* Activity: Begin at the line with "12X12 Wholesale White" and set down each line exactly until the listing ends. Images stay out.

* Data extract:
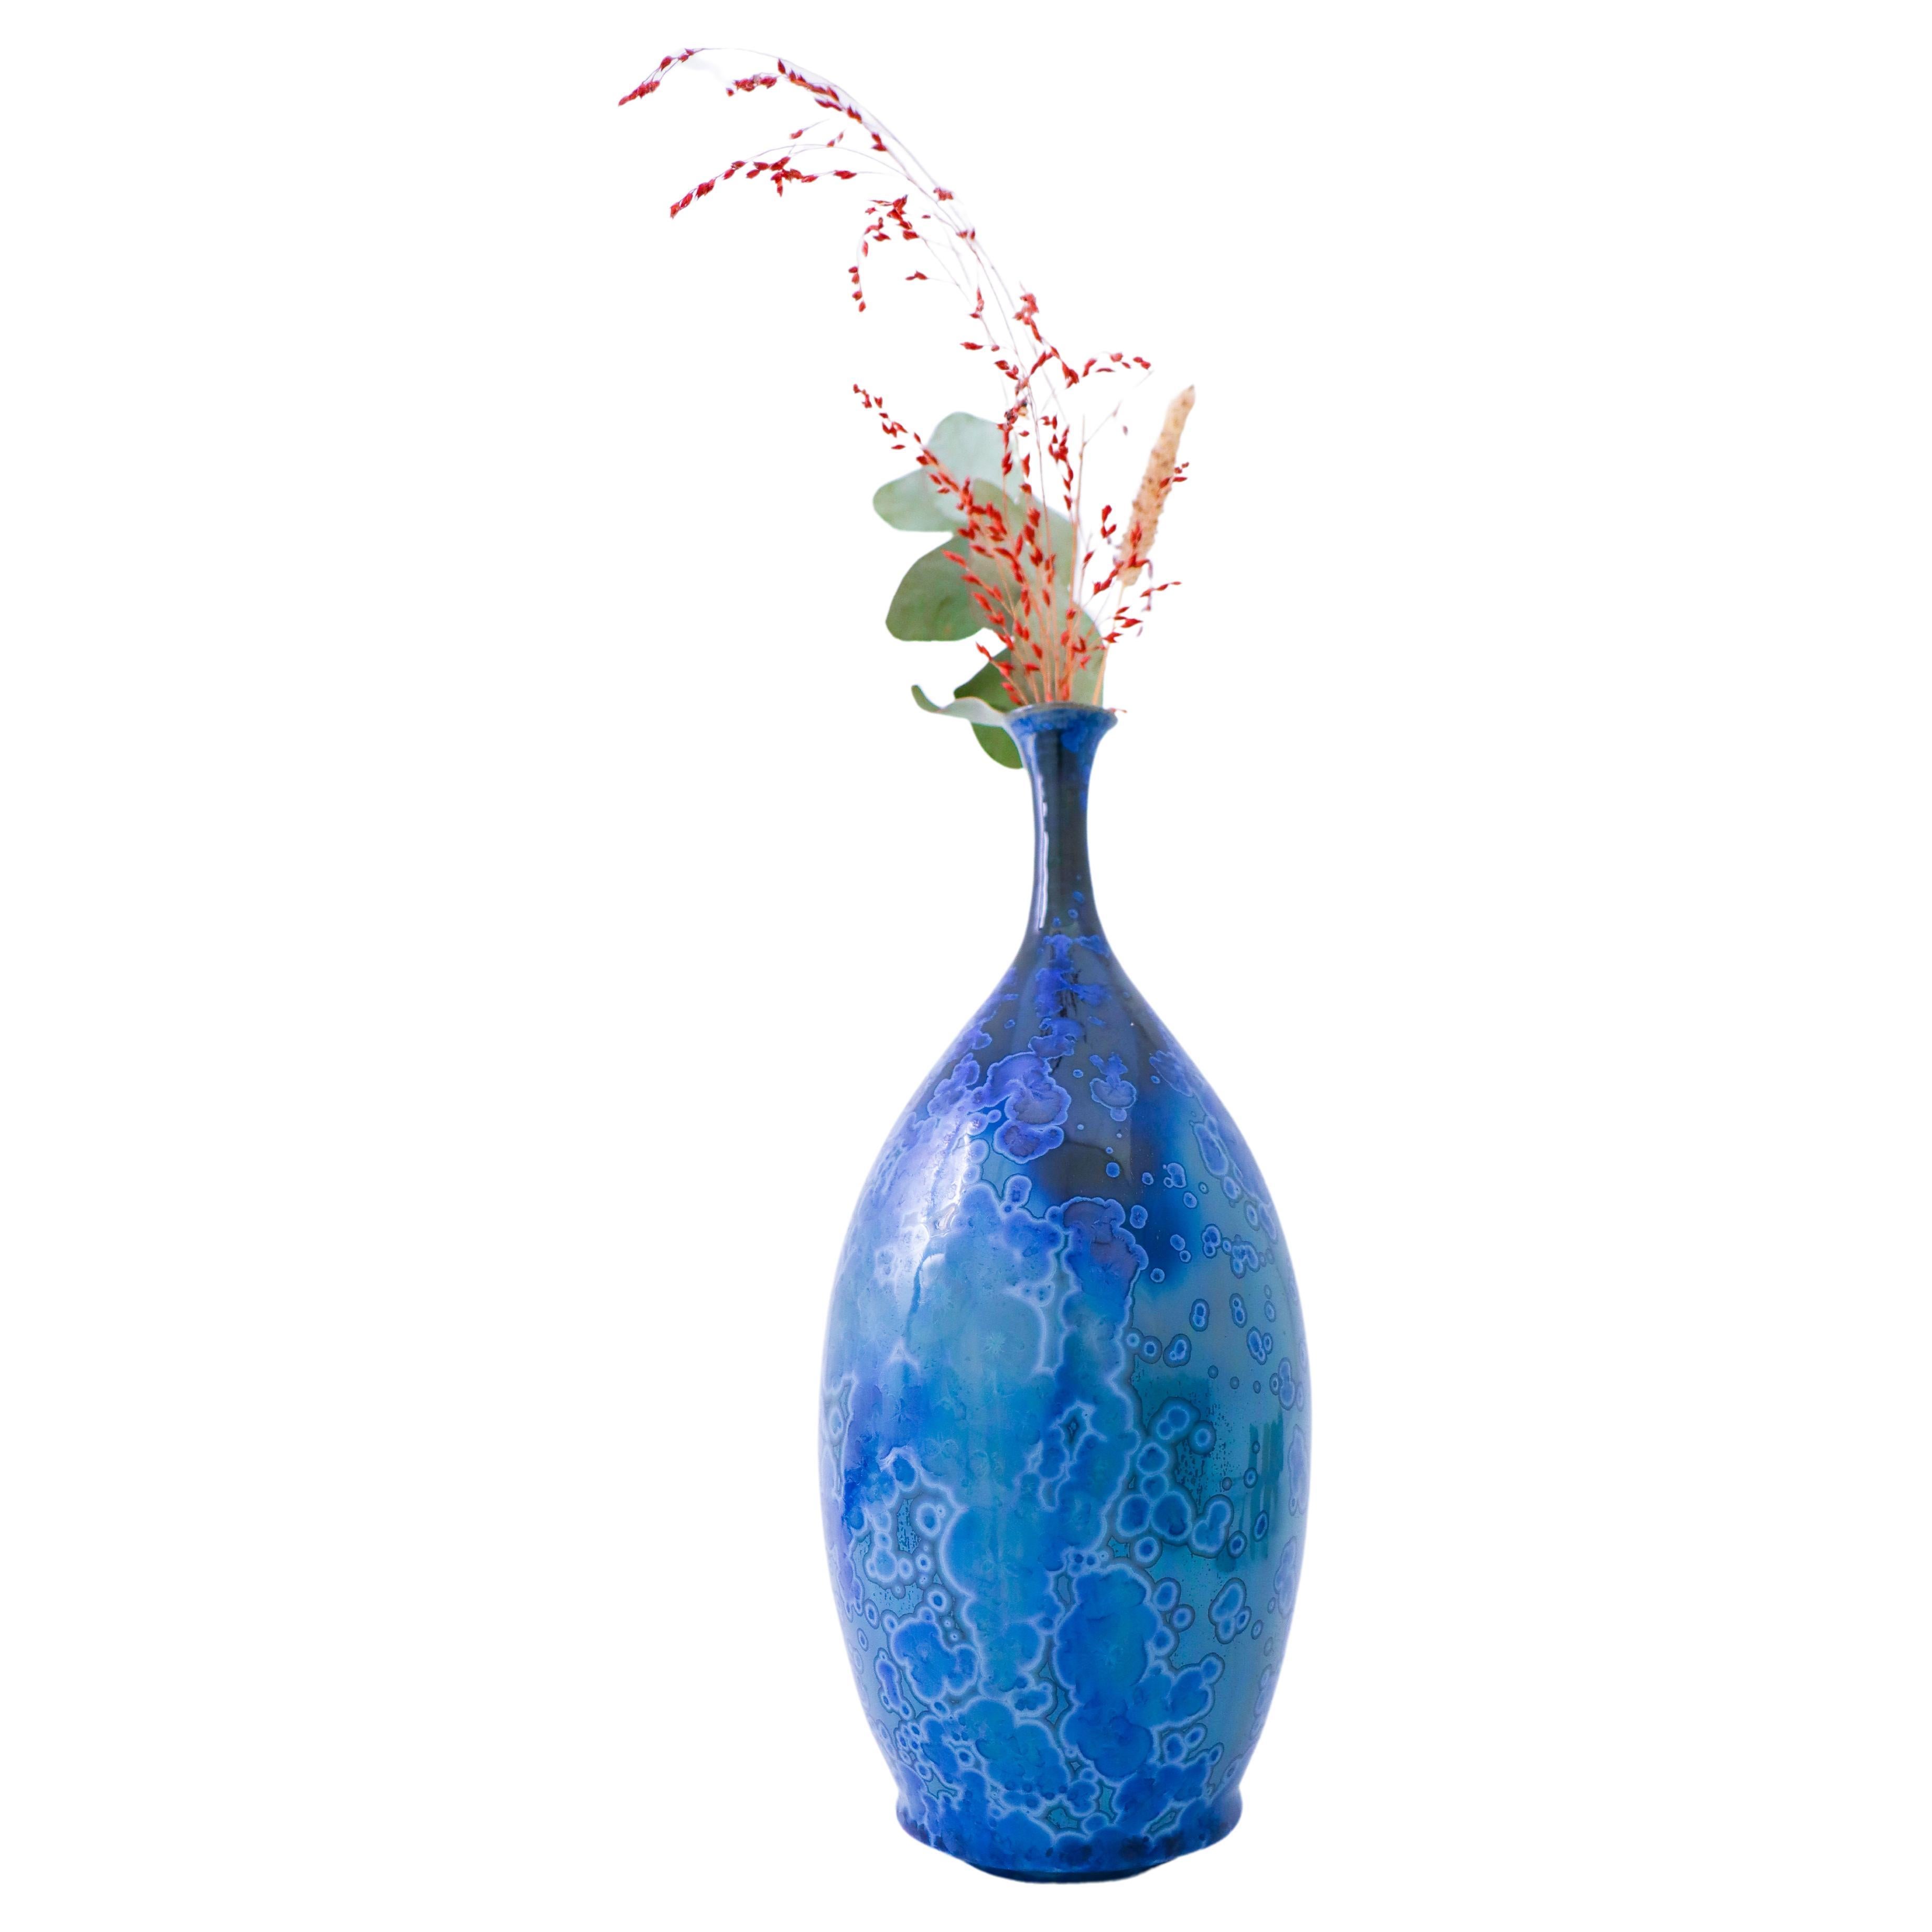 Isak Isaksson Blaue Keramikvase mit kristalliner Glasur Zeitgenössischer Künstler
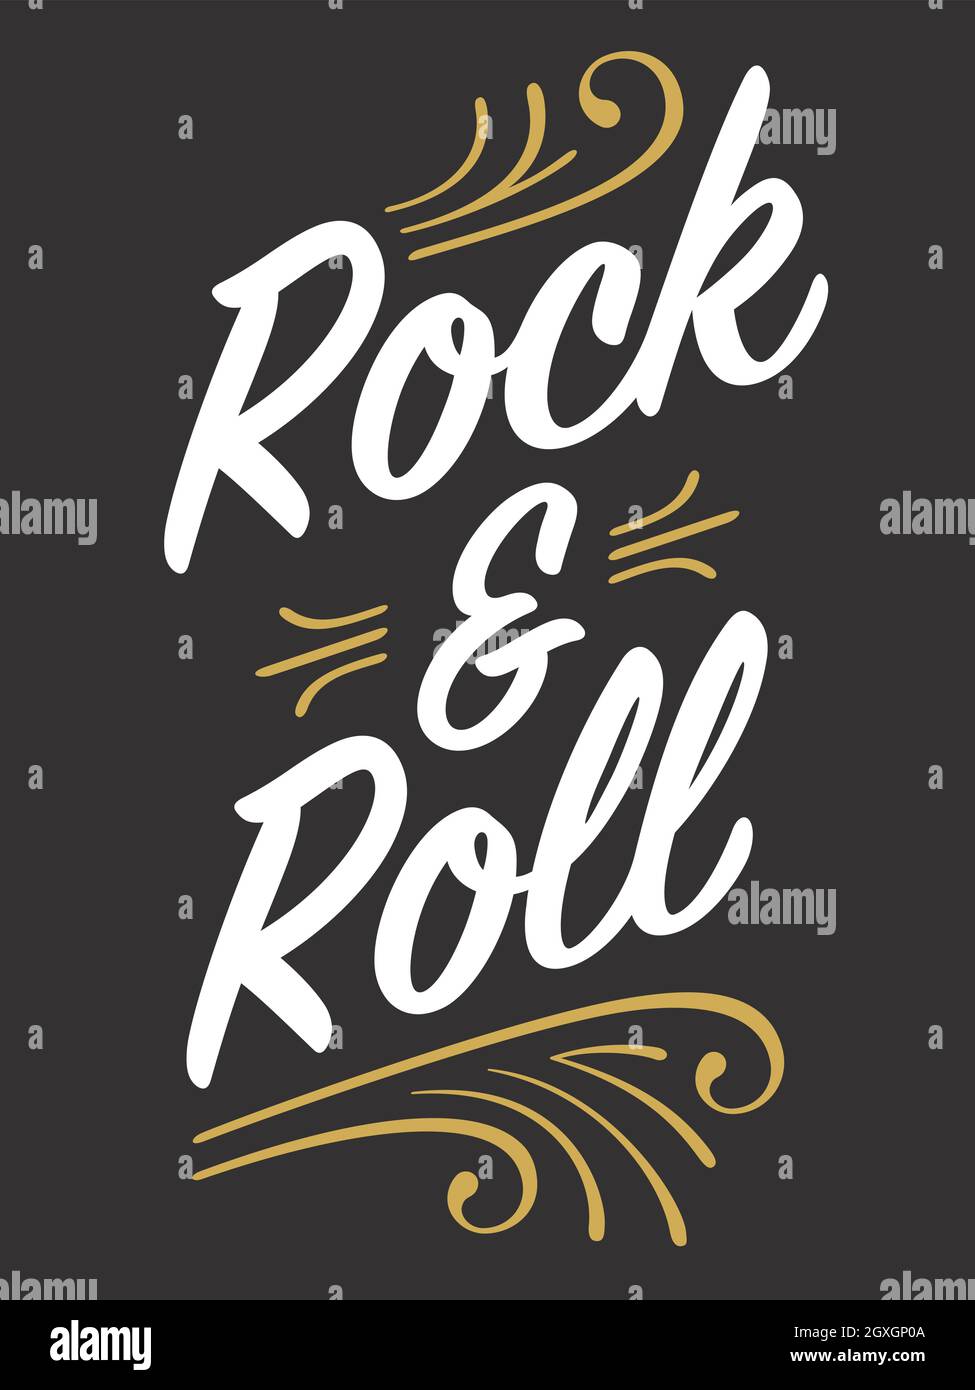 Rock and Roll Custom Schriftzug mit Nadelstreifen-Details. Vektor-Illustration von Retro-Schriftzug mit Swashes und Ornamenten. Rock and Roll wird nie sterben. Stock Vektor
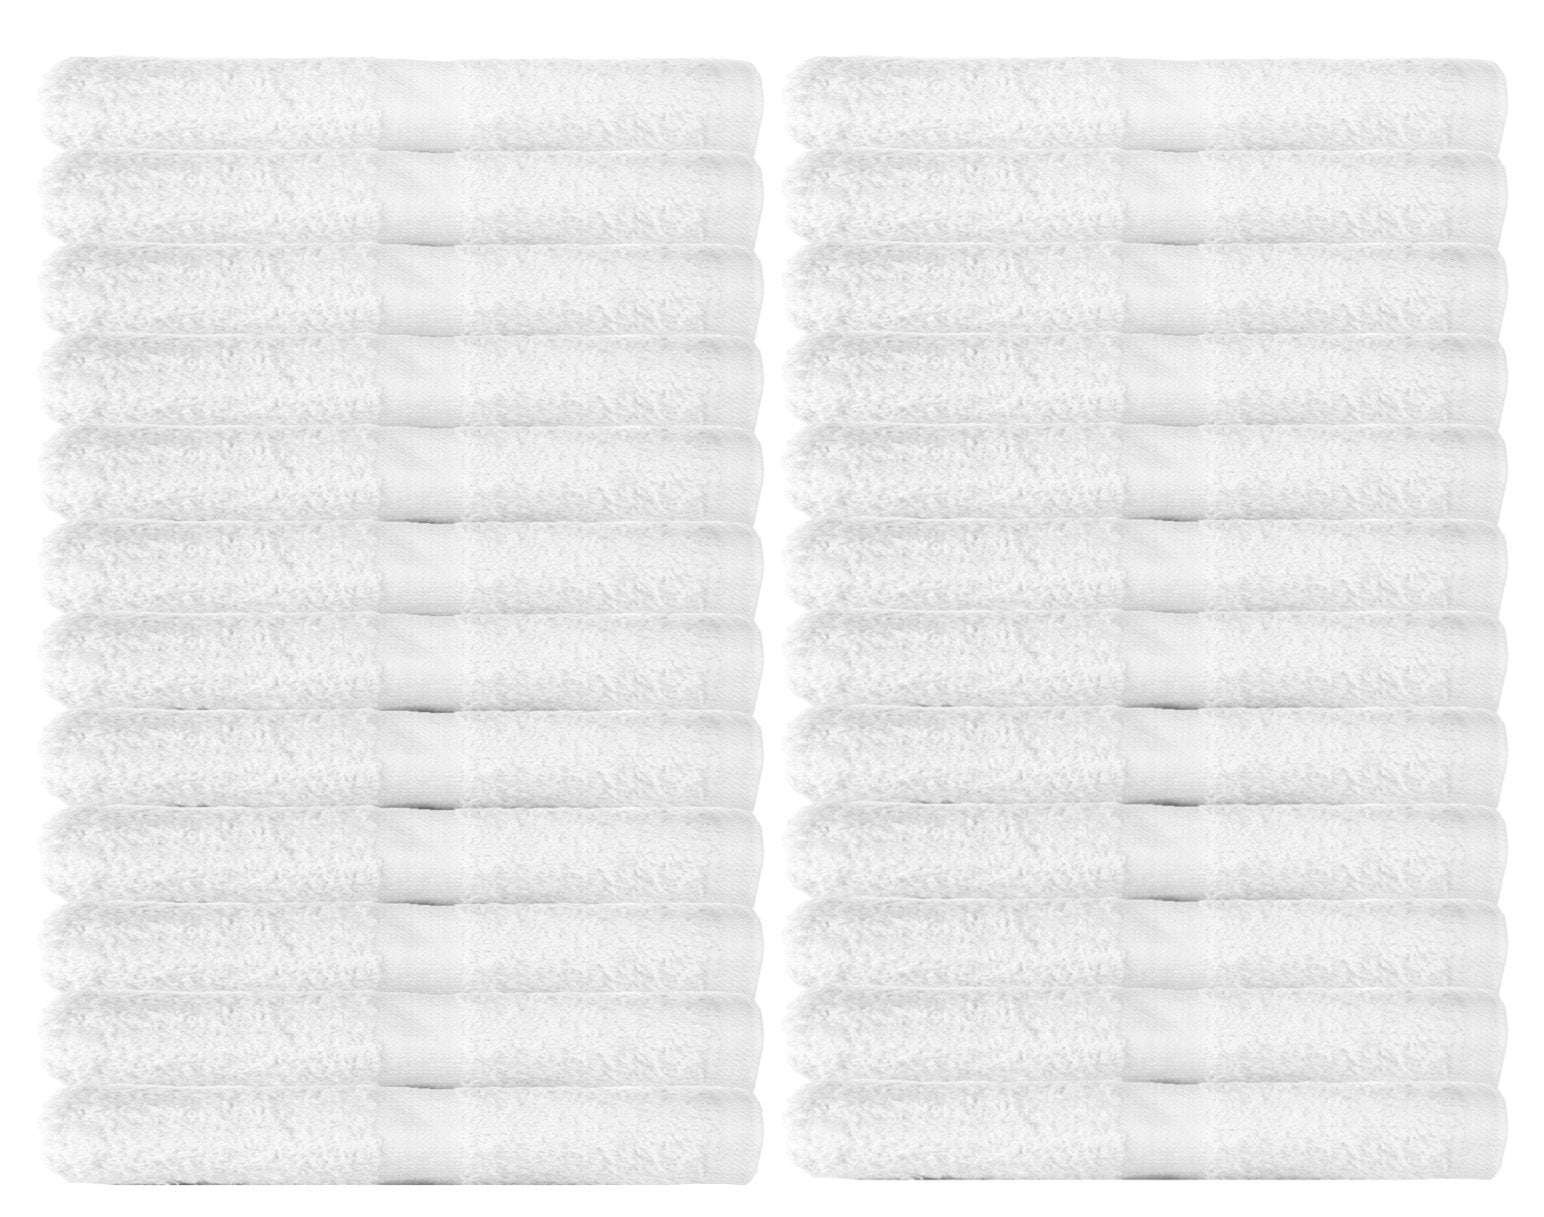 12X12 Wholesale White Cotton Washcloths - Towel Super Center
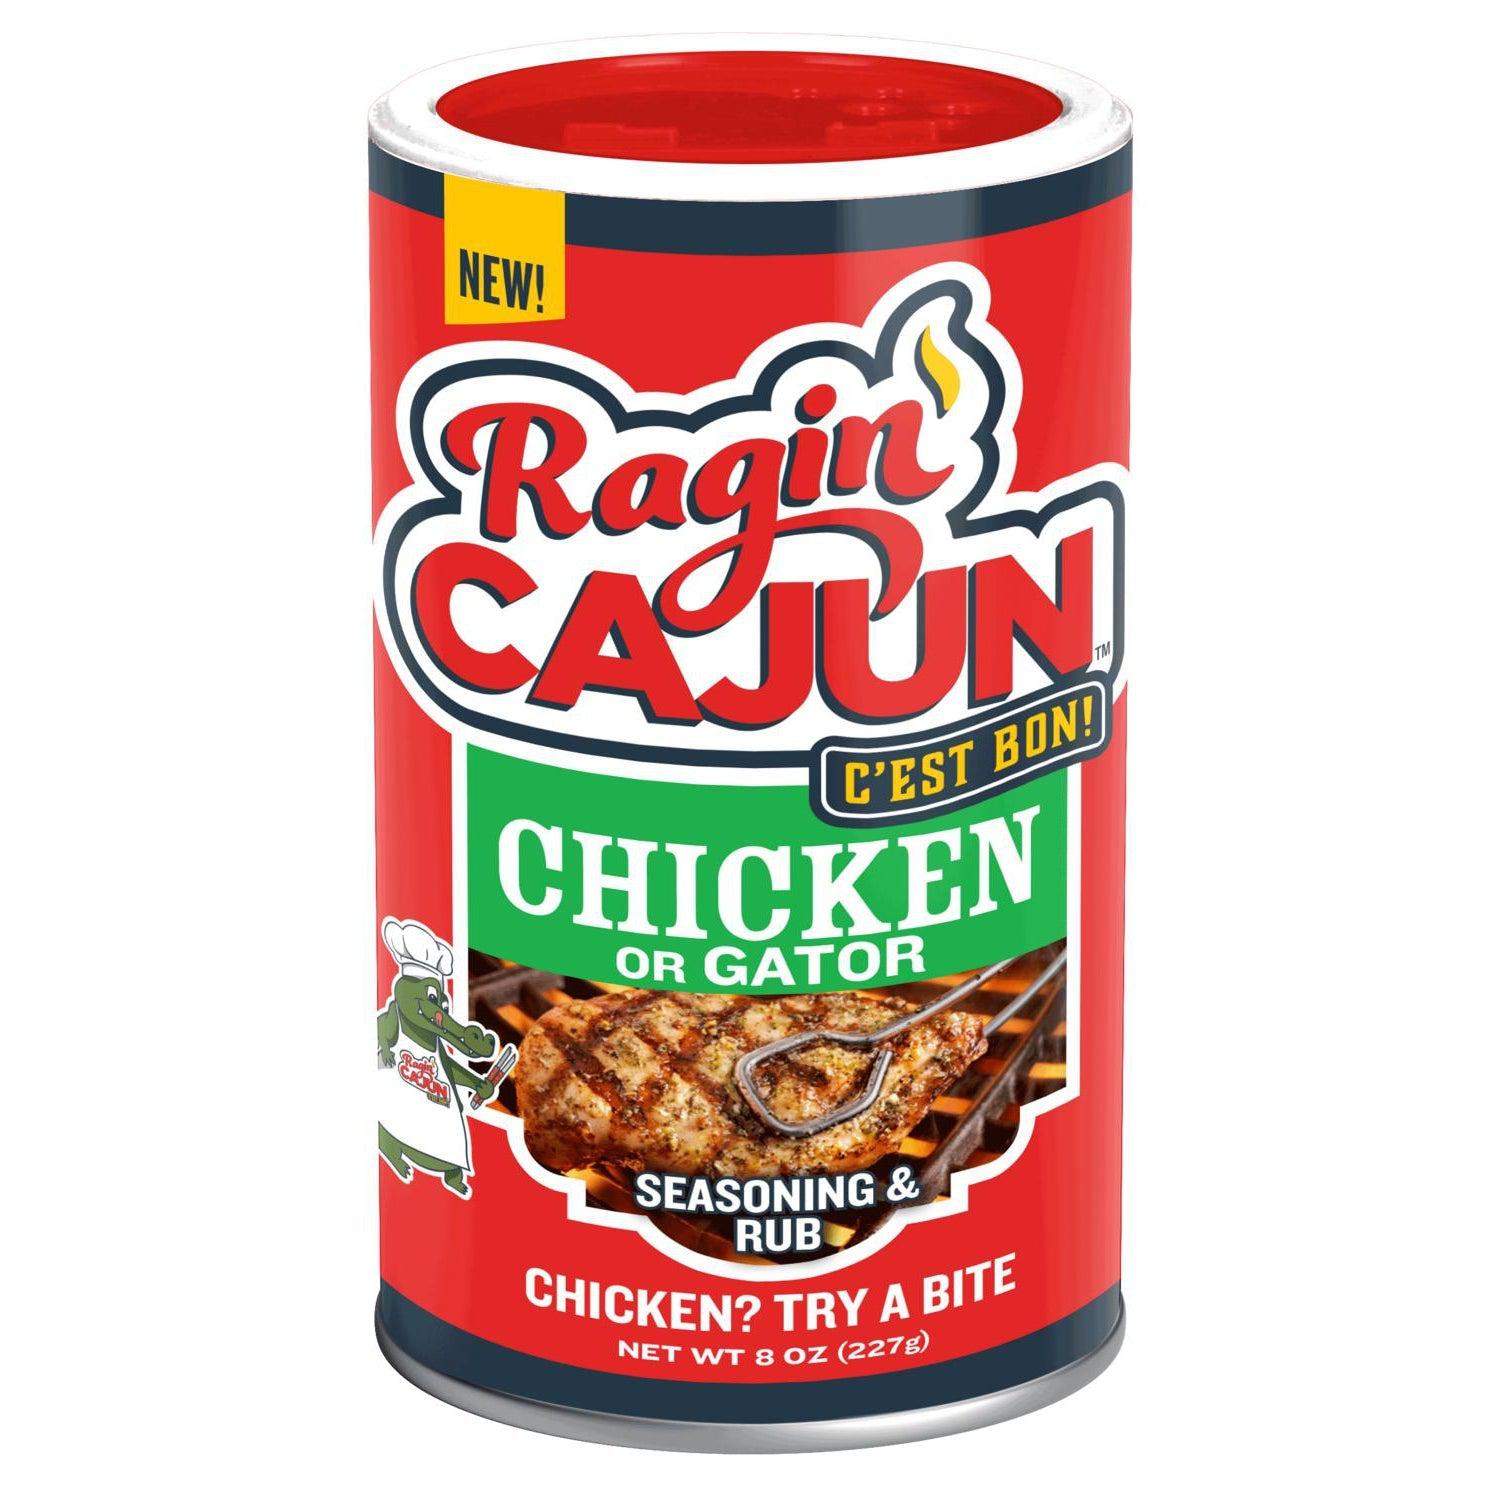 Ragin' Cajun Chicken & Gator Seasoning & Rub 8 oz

* Solution for this task:
 12X12 Wholesale White Cotton Washcloths - Towel Super Center
 Ragin' Cajun Chicken & Gator Seasoning & Rub 8 oz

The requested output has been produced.